New Rocket Engine Could Reach Mars in 40 Days - Yahoo! News - 0 views

  • A mission trajectory study estimated that a VASIMR-powered spacecraft could reach the red planet within 40 days if it had a 200 megawatt power source. That's 1,000 times more power than what the current VASIMR prototype will use, although Ad Astra says that VASIMR can scale up to higher power sources. The real problem rests with current limitations in space power sources.
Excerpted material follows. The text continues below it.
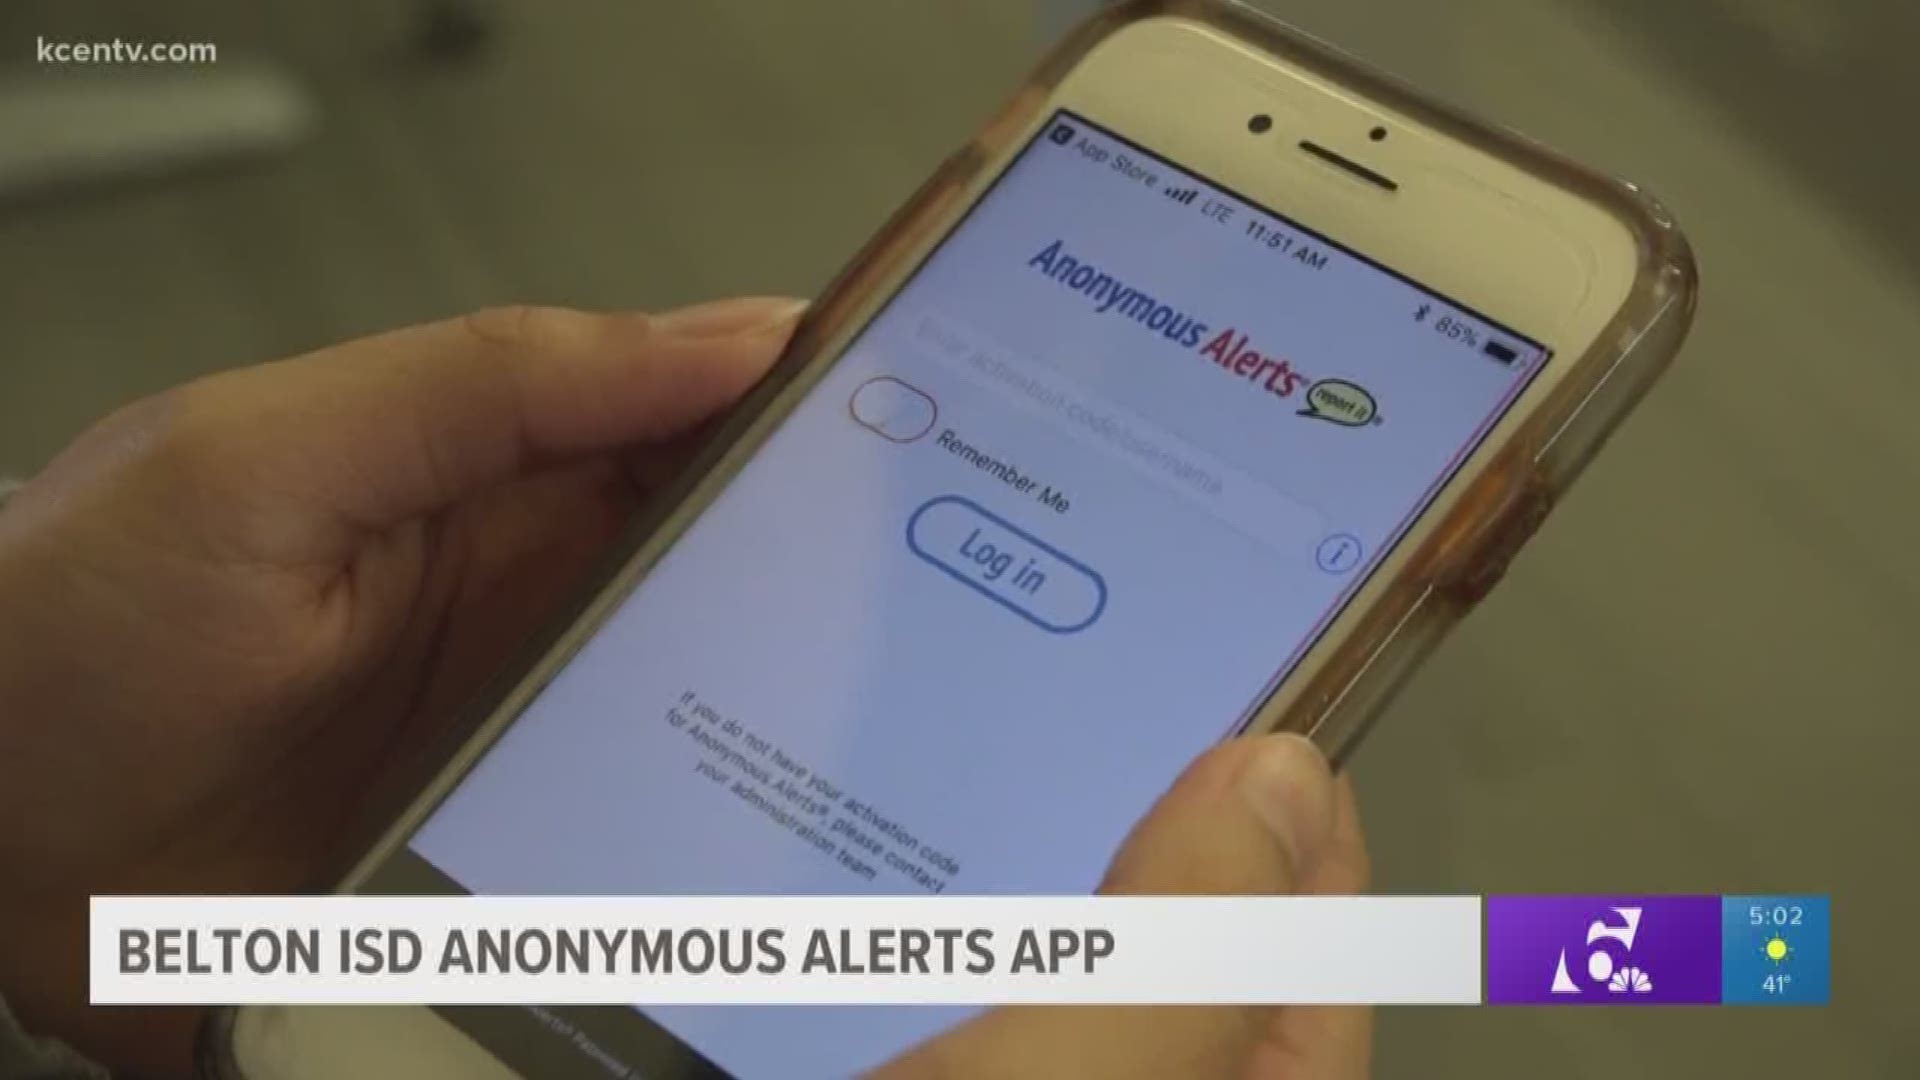 Belton ISD Anonymous Alerts app
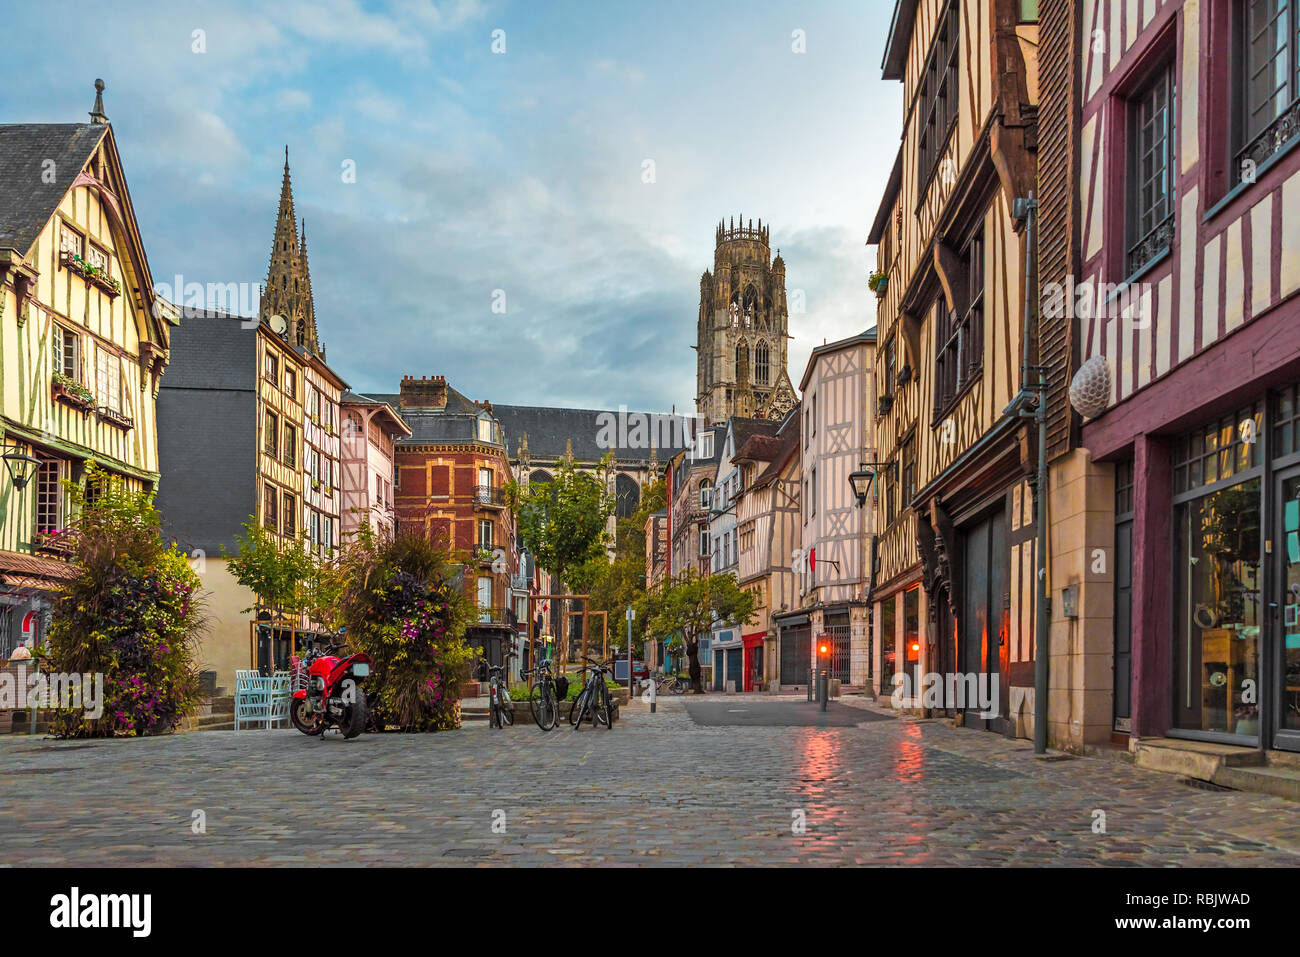 Rouen, France. Place du Lieutenant-Aubert avec famos vieux bâtiments normandie avec personne Banque D'Images

Glover estimates that the Mars mission scenario would need a power source that can produce one kilowatt (kW) of power per kilogram (kg) of mass, or else the spacecraft could never reach the speeds required for a quick trip. Existing power sources fall woefully short of that ideal. Solar panels have a mass to power ratio of 20 kg/kW. The Pentagon's DARPA science lab hopes to develop solar panels that can achieve 7 kg/KW, and stretched lens arrays might reach 3 kg/KW, Glover said. That's good enough for VASIMR to transport cargo around low-Earth orbit and to the moon, but not to fly humans to Mars. Ad Astra sees nuclear power as the likeliest power source for a VASIMR-powered Mars mission, but the nuclear reactor that could do the job remains just a concept on paper. The U.S. only ever launched one nuclear reactor into space back in 1965, and it achieved just 50 kg/kW.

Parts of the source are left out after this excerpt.